Forum Moderators: phranque
Large sites, e.g. national TV station's, newspapers etc constantly evolve over time; naturally new content is going to come along, microsites will be created then discarded, old content will die away, etc. Surely then over time, to preserve as much relevance as possible, to ensure as much PageRank and link popularity is preserved, the number of redirects on a large site has the potential to be huge? Surely httpd.conf and htaccess files are potentially enormous on such sites?
But this must bump into a seo-preserves-ranking-via-301's versus scalability conflict given that large chunks of redirect code are run for every request?
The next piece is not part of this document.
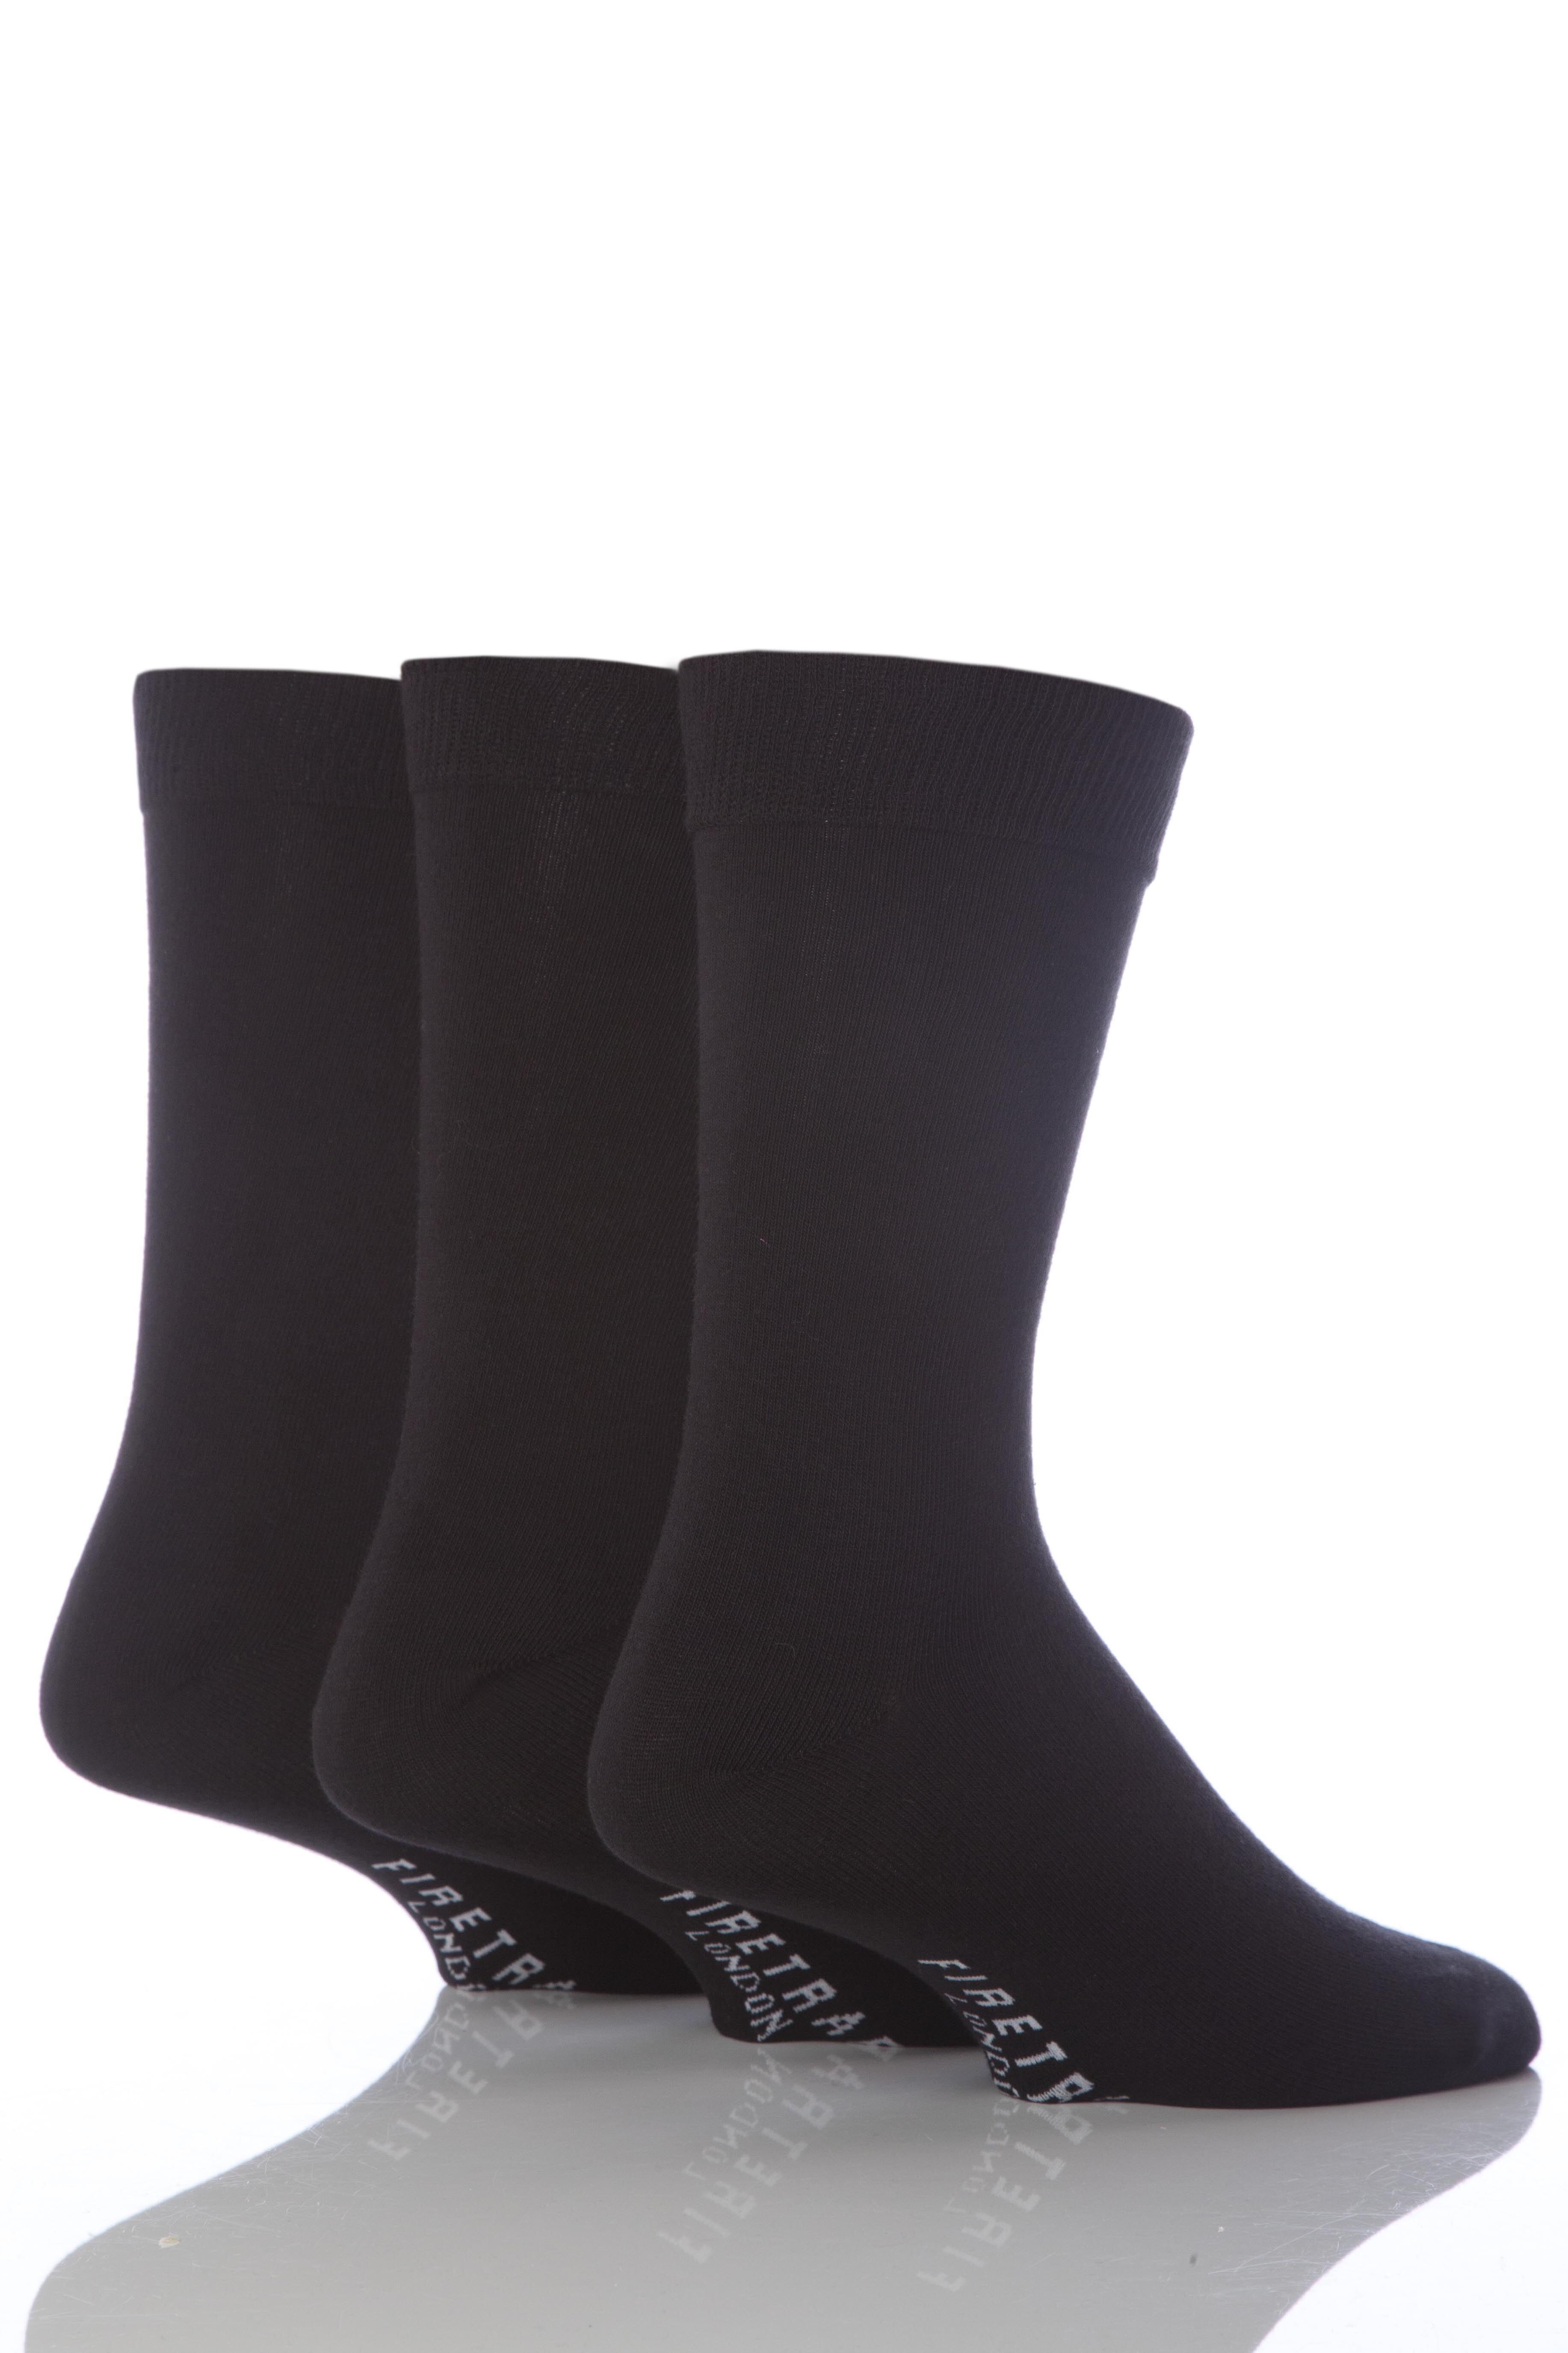 Mens 3 Pair Firetrap Plain Dress Socks In Black Black Livefly

So, don't large sites just end up with very large httpd.conf and .htaccess files? And can they deal with any resulting scalability issues by just slapping some more servers in the web farm?
Thanks for any thoughts,
Ste
At a lower level, there are several ways to do "massive numbers" of redirects, and the use of hard-coded "Redirect" directives and RewriteRules is only efficient at the small scale. A more efficient approach is to use RewriteMap to access a hashed URL lookup table, or to call a script that uses hashes as keys to lookup old-to-new URL translations. In this way, you avoid having to process the Redirect or RewriteRule directives in a linear fashion -- The hashes let you grab the URL you need much more quickly, even if a second or third-level hash is required. And advantage of the script method is that old-to-new URL translations can be stored in the same database as used for all other page-related data, centralizing administration and maintenance.
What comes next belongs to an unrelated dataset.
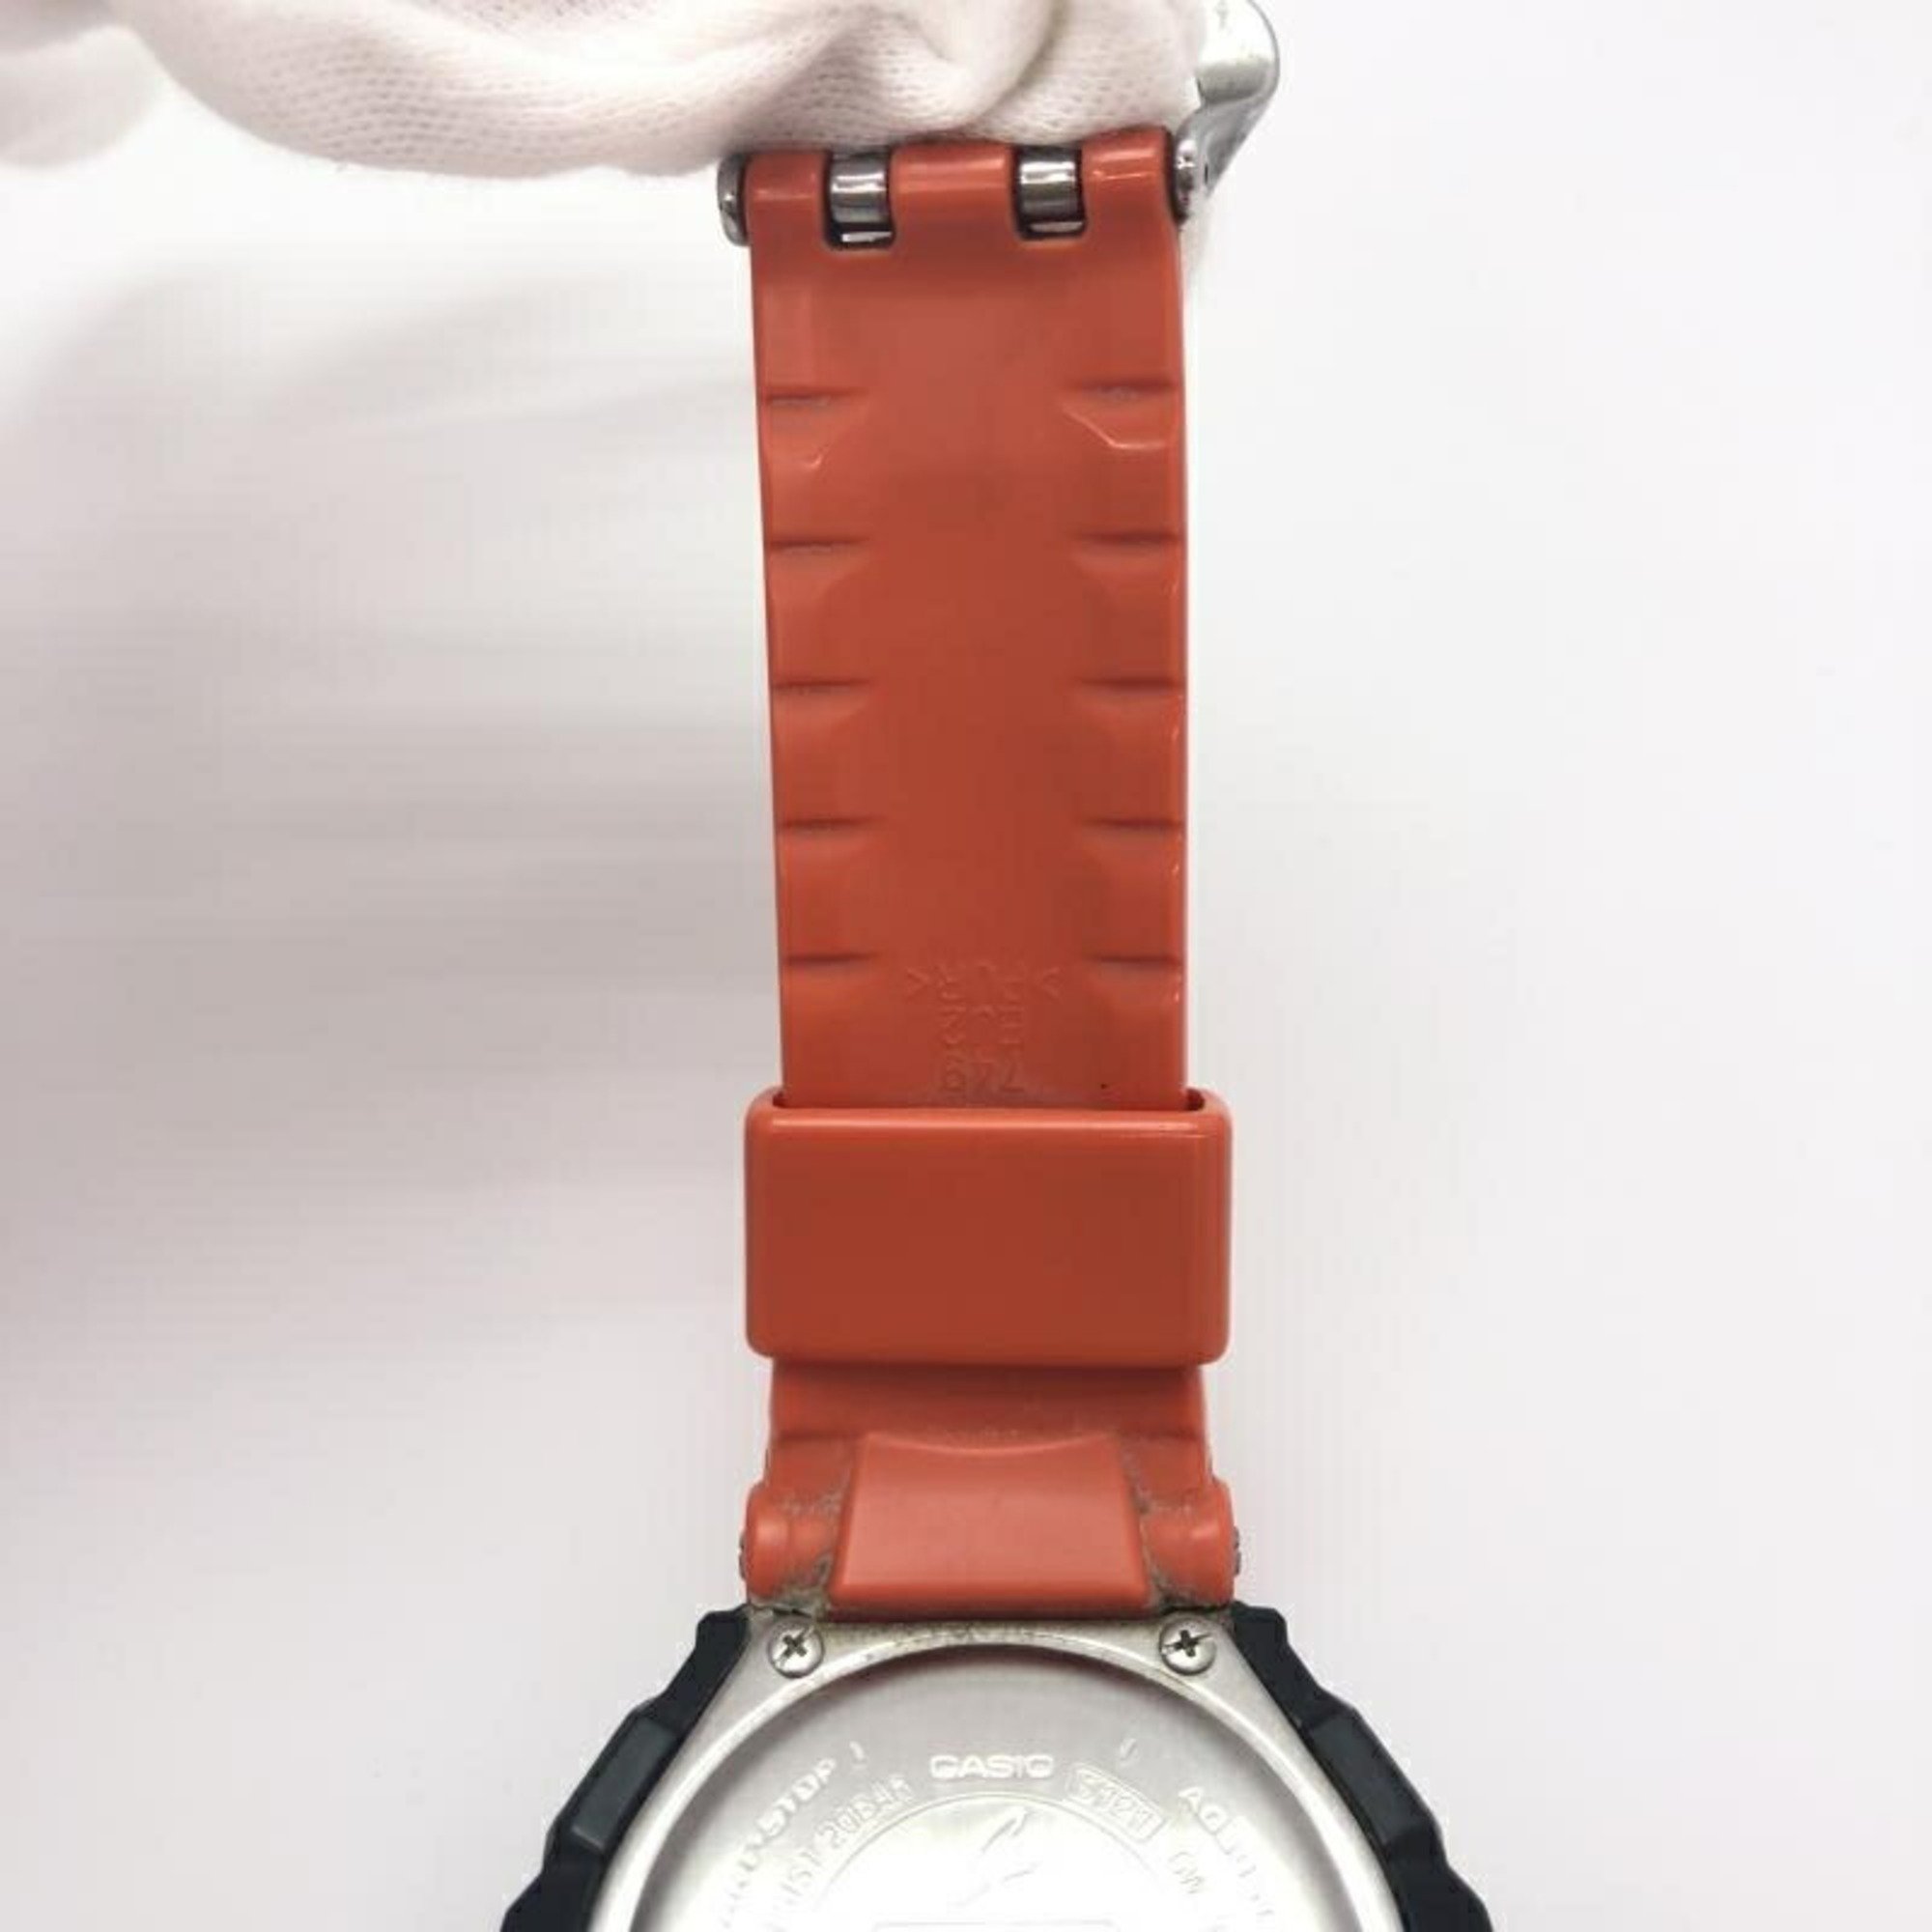 CASIO G-SHOCK GW-3000B-1AJF Radio Solar Watch Orange G-Shock

At an intermediate level, you should know that code in httpd.conf is pre-compiled into executable code at server restart, and executes as "native" code. Therefore, it is *much* more efficient than even identical code in .htaccess, which is interpreted from text to executable code on-the-fly for each and every HTTP request.
One problem is that httpd.conf and RewriteMap are inaccessible to users of shared name-based virtual hosting. But since shared hosting isn't particularly scalable either, those who have the 'too many redirects' problem are also likely to have outgrown shared hosting as well.
The major factor that really helps avoid running up against this problem is to have a good site and URL architecture based on content-type, SE robot, caching, access-control, and maintenance considerations.
Sir Tim Berners-Lee's paper, "Cool URIs don't change [w3.org]" pretty much covered it all. As the inventor of the WWW, he's worth listening to.
Jim
It's not been unusual for me to modify 200-300 links because they fail to include a redirect (simple procedure) in their work schedule. SLOPPY WORK on their end.
BTW, for the longest time I failed to keep record of these old links, however today the realization has finally slapped me in the face to save the old URL's and utilize archive.org for the quality items that had been removed. Too bad I didn't relaize this some ten years ago.
Don